Filière commerciale transversale, la supply chain est entièrement bouleversée par l'émergence de nouvelles technologies et de problématiques d'ordre mondial. Lors du Sommet du droit en entreprise organisé le 26 janvier dernier, deux spécialistes du droit en entreprise ont débattu des évolutions juridiques qui touchent les chaînes logistiques, aujourd'hui prises en étau entre rapidité et sécurité.

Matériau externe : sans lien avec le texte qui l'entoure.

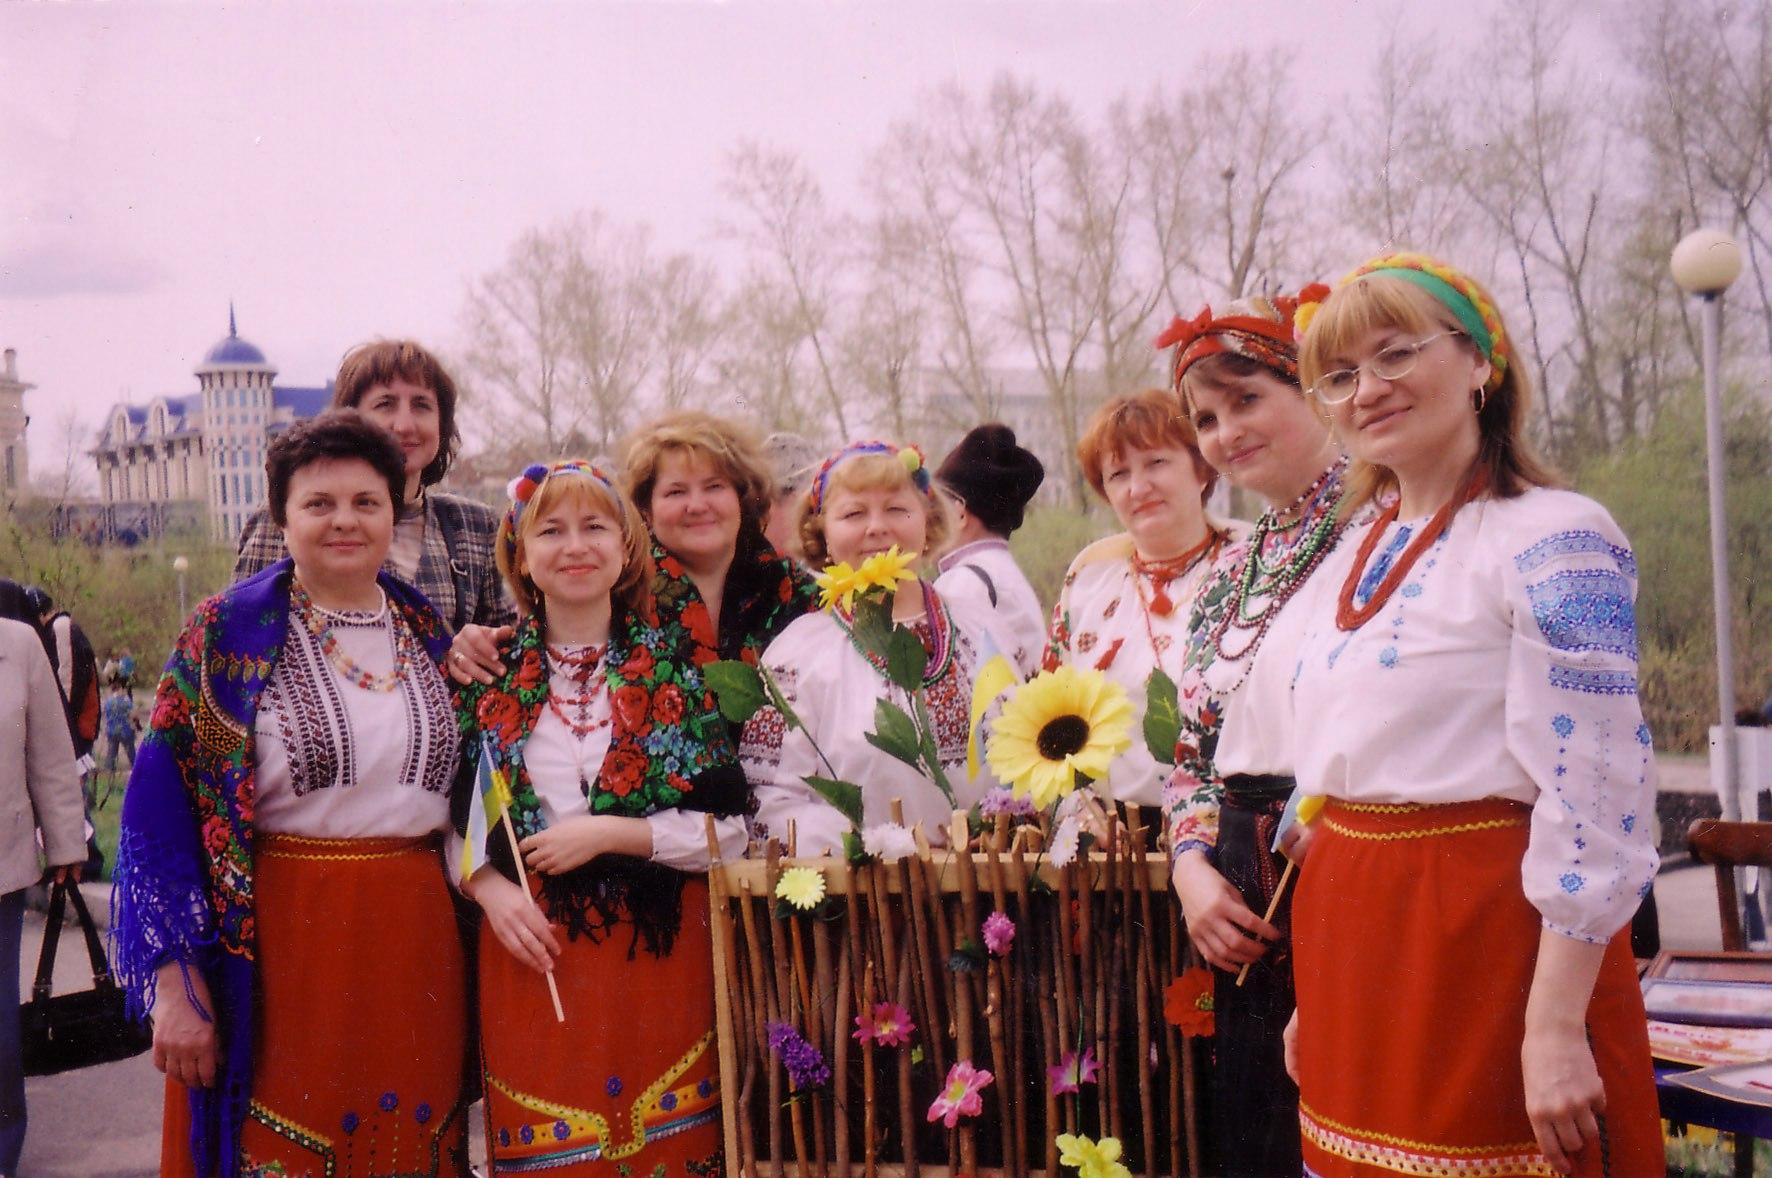 Филиппова Мирослава Орестовна - Участники ансамбля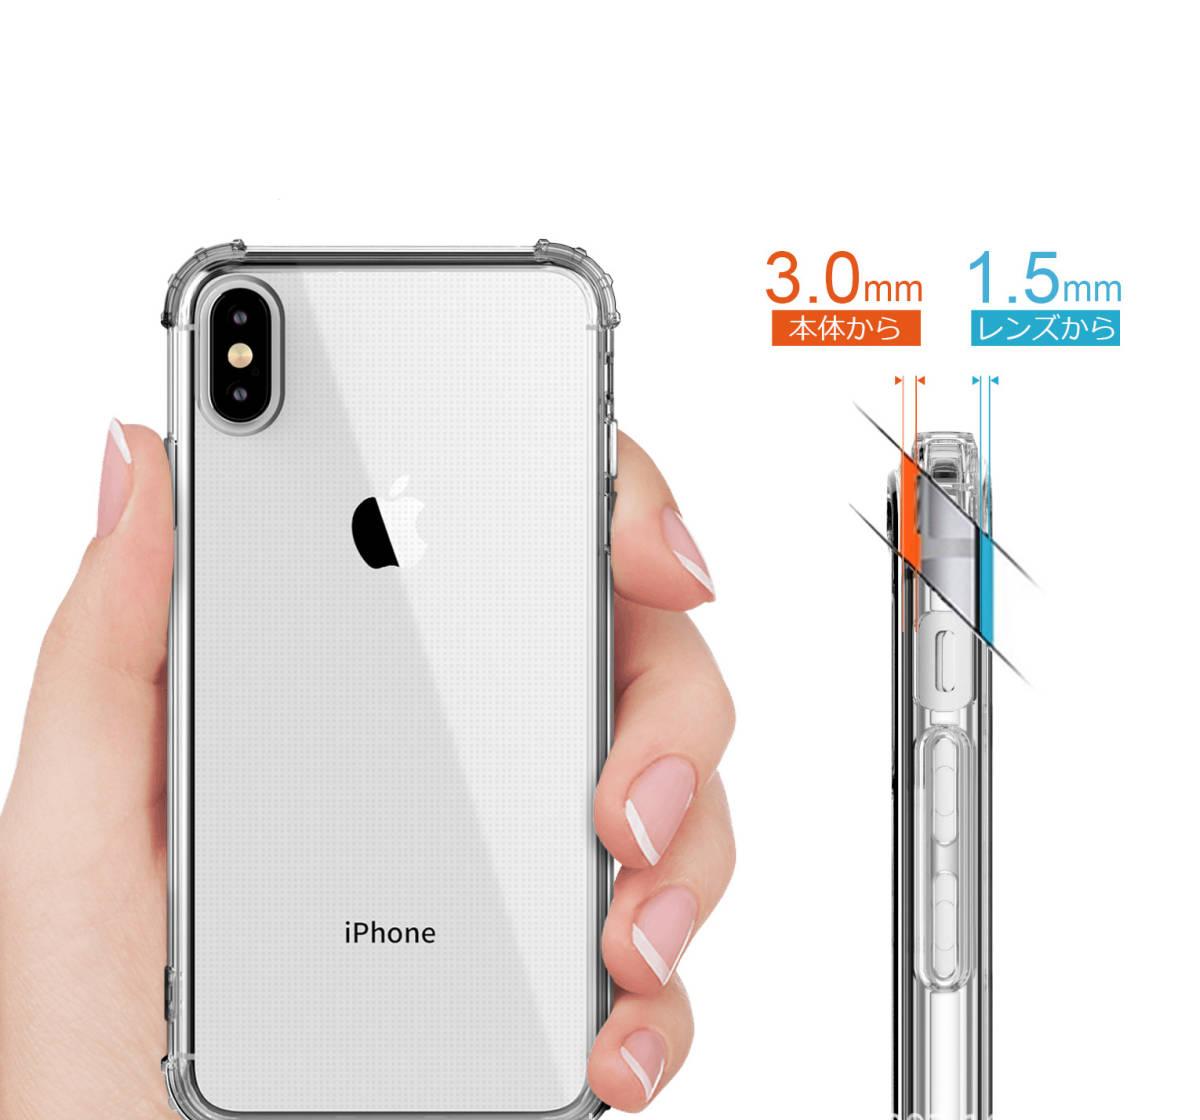 iPhone XS Max TPUケース透明ソフトクリアケース TPU 耐衝撃 衝撃吸収 ストラップホール付き 全面保護カバー 傷つけ防止_画像6

Pour approfondir ce sujet, vous pouvez visionner la vidéo de la table-ronde organisée lors du Sommet du droit en entreprise 2021 :

De la solidité de la supply chain dépend le fonctionnement mondial du commerce, tous secteurs confondus. Cet ensemble de maillons de la logistique d'approvisionnement regroupe les achats, la gestion des stocks, la manutention, le stockage, la distribution, la livraison… Entre la globalisation des échanges commerciaux et la nécessité de diminuer les délais de livraison, l'enjeu de la filière de la supply chain est de trouver un équilibre entre sécurité et qualité, équilibre dont la recherche ne peut se faire qu’en intégrant certaines contraintes juridiques. Les regards se tournent dès lors vers le juriste d’entreprise.

Un gage de qualité

La performance d'une supply chain tient à la bonne organisation existant entre les différents acteurs du circuit d’approvisionnement d’une marchandise. "Il existe une panoplie de dispositions à intégrer dans un contrat, comme les pénalités de retard, les garanties à mettre en place, les conditions de résiliation du contrat, celles de mise en jeu de la responsabilité des parties prenantes, les contrats d’assurance, etc., explique le spécialiste du droit des assurances Christophe Wucher-North, associé du cabinet DAC Beachcroft. Dès lors, la mission de l'avocat doit dépasser la rédaction du contrat pour inscrire la prestation de chacun au sein d'un service global et organisé". La difficulté première de la supply chain est en effet le nombre important de ses intervenants. "Il y a des secteurs qui comptent naturellement un grand nombre d'affiliés, comme celui de l'aéronautique où chaque pièce peut être conçue, produite puis assemblée dans des pays différents. Sauf qu’aujourd’hui, n’importe quel secteur est concerné par la démocratisation du commerce en ligne", précise l'avocat. Autrement dit, les problématiques liées aux chaînes d’approvisionnement de l’industrie se sont dupliquées à l’ensemble du commerce, augmentant le niveau d’exigence de la qualité des intermédiaires.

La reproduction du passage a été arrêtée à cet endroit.